First-Ever FLSA Break Requirement
Insights
4.01.10
The federal Fair Labor Standards Act now requires covered employers to grant breaktime to a worker for the purpose of expressing breastmilk for a nursing child. The employer must also provide a suitable location for her to do so.
This obligation is contained in the new FLSA Section 7(r) that was buried in a little-noticed part of the Patient Protection and Affordable Care Act. So far as we can tell, the provision took effect immediately when the law was signed on March 23, 2010.
Employers need not pay for the break. No minimum break length is specified, but the break must be a "reasonable" one. Employers are required to provide places for the breaks that are "shielded from view and free from intrusion from coworkers and the public." The location cannot be a bathroom.
The employee must be permitted to take a break each time she needs to express milk. The break requirement extends for one year after the child is born.

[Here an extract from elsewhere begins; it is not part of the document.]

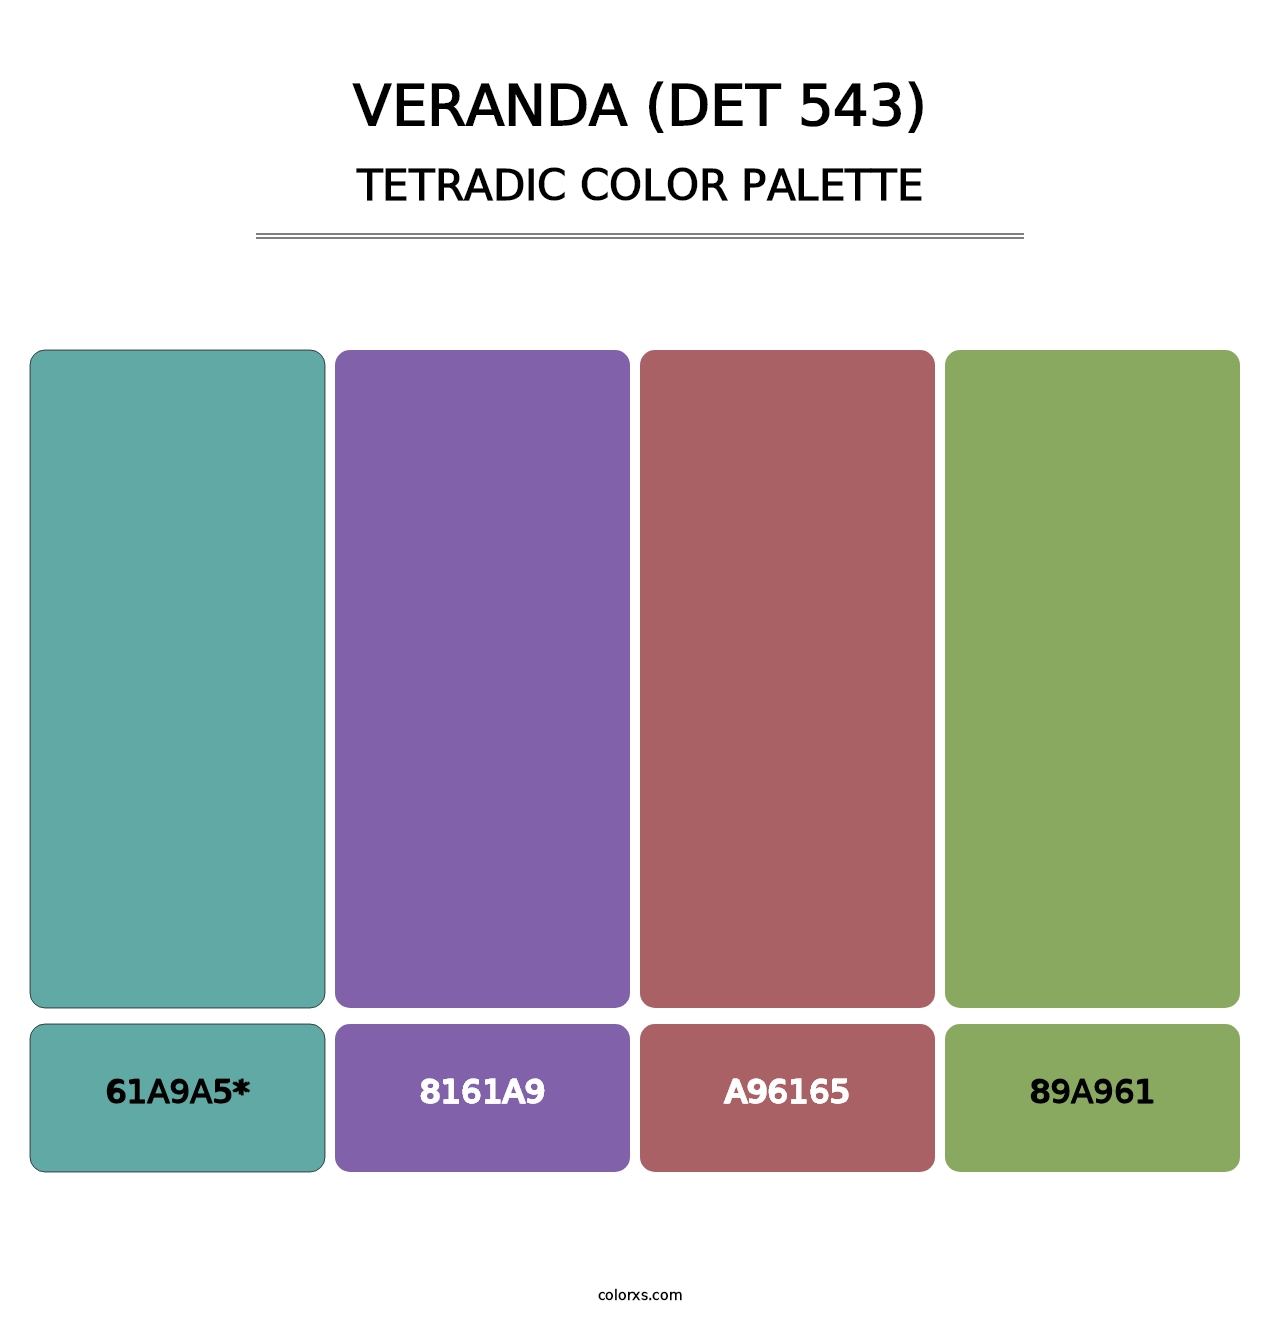 Veranda (DET 543) - Tetradic Color Palette
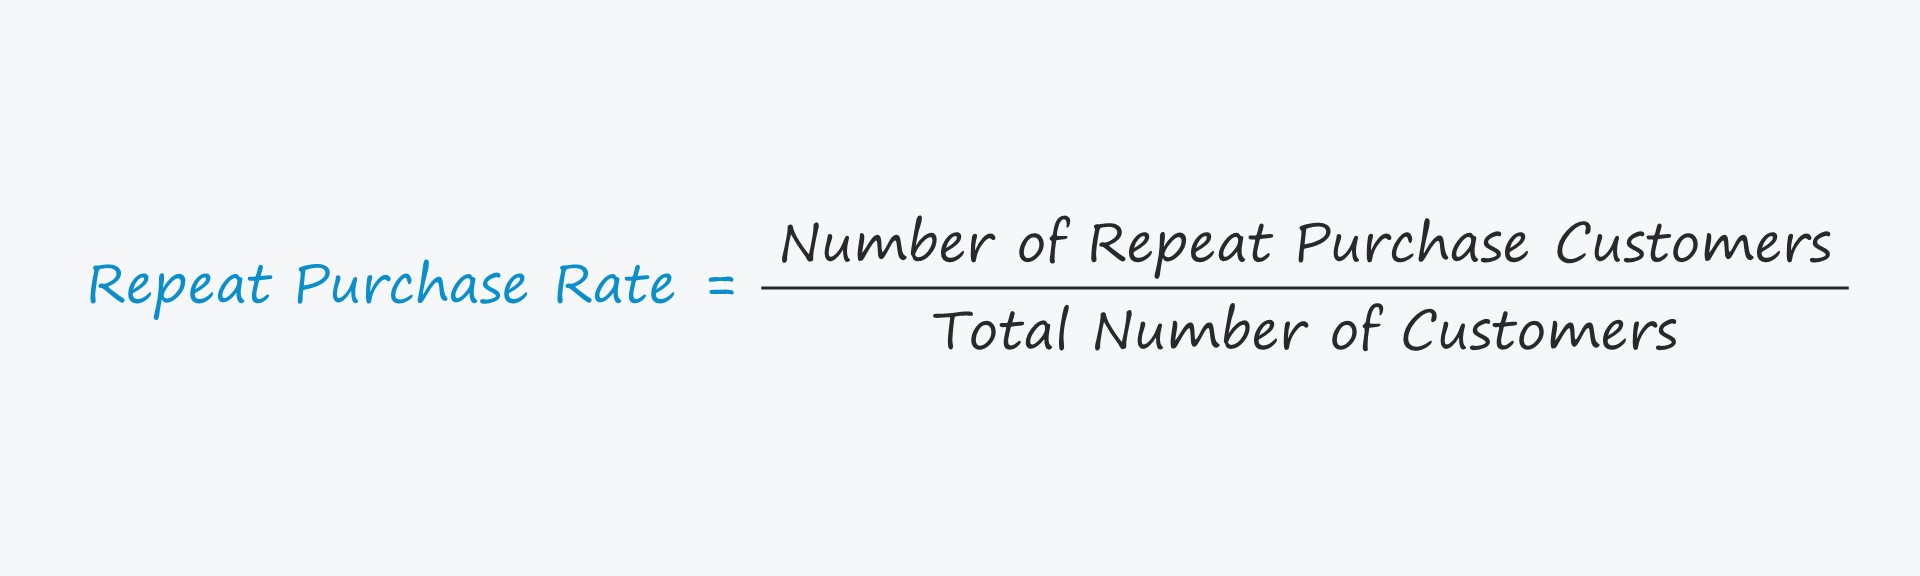 Tasa de repetición de compra | Fórmula + Calculadora

An employer of fewer than 50 workers would be excepted from the requirement if allowing the breaks would cause "undue hardship". This condition is met only if the employer will face significant difficulty or expense in light of the employer's size, financial resources, nature, or business structure. We anticipate that this high standard will likely be a hard one to meet as a practical matter.
We assume that Section 7(r) does not apply to employees who are completely excluded from the FLSA's overtime section. For example, this would be the case as to those who qualify for one or more of the executive, administrative, professional, or "outside salesman" exemptions. However, employers should approach this on an exemption-by-exemption basis, because some FLSA exceptions are more-limited in scope.
It is not clear what might be the full range of potential liabilities for failing to comply with this provision. Clearly, the Labor Department could seek a court injunction requiring compliance. Substantial liability could also flow from an employer's having retaliated against a worker who asserts her right to this break.
A number of states already require these kinds of breaks. Section 7(r) does not override any such laws that extend greater employee protections than it does.
UPDATE: Some have suggested that this amendment conflicts with current U.S. Labor Department "regulations" stating that employers must treat brief breaks as worktime. Certain Labor Department interpretative guidelines and opinions do say that short rest periods, coffee breaks, snacktimes, and smoking breaks count as compensable hours worked. A number of courts have adopted most of these views.
Even so, and while a definitive answer must await future developments, it is difficult to see how these Labor Department statements could override the statute's directive that "[a]n employer shall not be required to compensate an employee receiving reasonable break time . . . for any work time spent for such purpose." The Labor Department or the courts might eventually construe "reasonable break time" to mean some presumptive minimum number of minutes. But interpretations issued decades ago seem insufficient in themselves to impose any requirement that breastmilk-expressing breaks be treated as compensable worktime when the statute itself says otherwise.
Whether pertinent state laws mean that these breaks are to be handled as hours worked is of course a different question.